Stock Futures Mixed at End of Rough Week
U.S. stock futures were mixed on the final day of a difficult week, with Dow industrials component American International Group likely to get a boost from its new payout policy but computer maker Dell likely to struggle on its downbeat outlook.
S&P 500 futures were down just 0.4 of a point at 1,404.50 and Dow industrial futures were off just 3 points, while Nasdaq 100 futures dropped 3.75 points at 1,754.00.
U.S. stock markets declined Thursday, but were well off session lows, with manufacturing sentiment data helping to steady nerves about the broader economy. The Dow industrials dropped 34 points, the Nasdaq Composite lost 11.9 points and the S&P 500 fell 3.6 points.
Markets have seen a turbulent week amid concerns over a wide range of issues, from the Chinese stock market to the U.S. subprime mortgage market.
International stock markets also saw a mixed picture on Friday. The Shanghai Composite rose 1.2 percent and the Hang Seng rose in Hong Kong, while the Nikkei 225 dropped 1.4 percent in Tokyo. European stock markets wobbled between positive and negative territory.
The dollar fell modestly against the yen, off 0.2 percent at 117.54 yen. The yen’s recent strength has been a concern to stock market investors, as many hedge funds borrow in yen to fund trades made elsewhere in the world. Should the yen appreciate too rapidly, the "carry trade" could unwind.
The key economic indicator on Friday is the final release of the University of Michigan consumer confidence poll for February, due out about half-hour into trading. St. Louis Fed President William Poole will be speaking about energy prices and the economy.
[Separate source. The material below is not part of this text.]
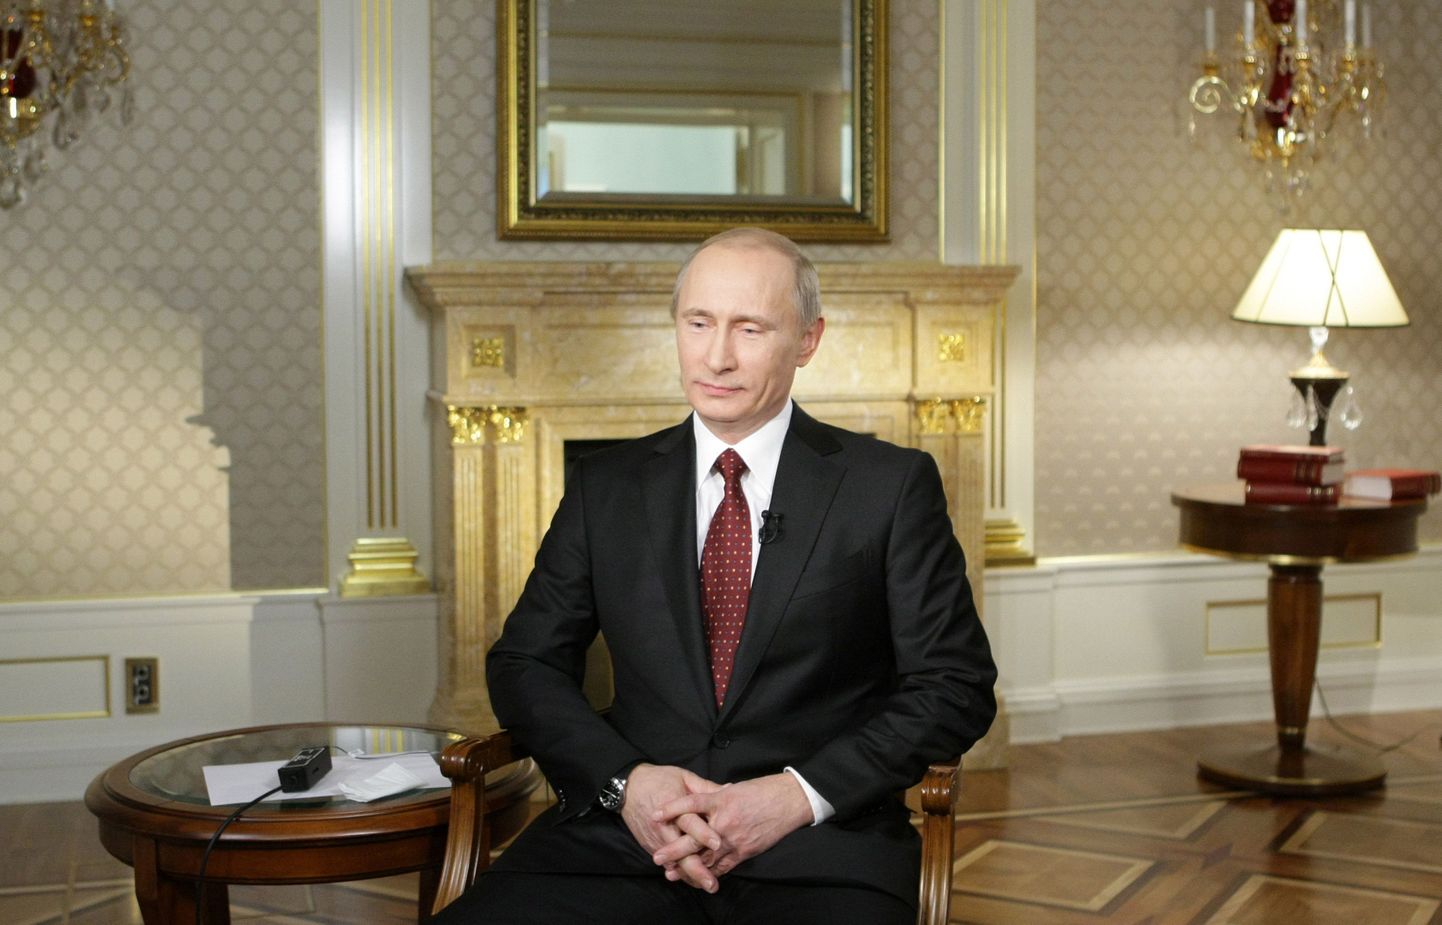 Vene peaminister Vladimir Putin oli väidetavalt teadlik plaanist mõrvata endine spioon Aleksandr Litvinenko.

Oil futures rose 20 cents to $62.20 a barrel, while gold futures rose $1.50 to $666.60 an ounce.
Of companies in focus, Dell Inc. shares dropped 2.7 percent in Frankfurt after reporting a 33 percent profit decline on a worse-than-forecast revenue decline. Dell said in a statement that its earnings and gross margins would be under pressure for several quarters as it implements restructuring efforts, and it didn’t give any exact earnings or revenue forecasts.
Novell Inc. dropped 4 percent in overseas trading after surprisingly swinging to a quarterly loss and reporting a 5 percent revenue decline.
Insurance giant American International Group Inc., on the other hand, rose 1 percent after reporting a jump in net income and a big share buyback and dividend plan. The buyback plan will allow AIG to repurchase up to $8 billion in stock, and the insurer plans to buy back $5 billion worth in 2007. As part of the new dividend policy, AIG will lift its common stock dividend by roughly 20 percent a year, under "normal" circumstances, the company added.
Gap Inc. reported a 35 percent profit decline after a year of sales turmoil and executive shake-ups and lowered its forecast.
Immersion Corp. is due to soar after the maker of touch sensation technology settled a patent dispute with Sony in a deal that will have its products used in PlayStation products.
Zurich Financial agreed to buy Bristol West Holdings Inc. for $712 million in cash, or $22.50 a share, which is a 39 percent premium to Thursday’s close.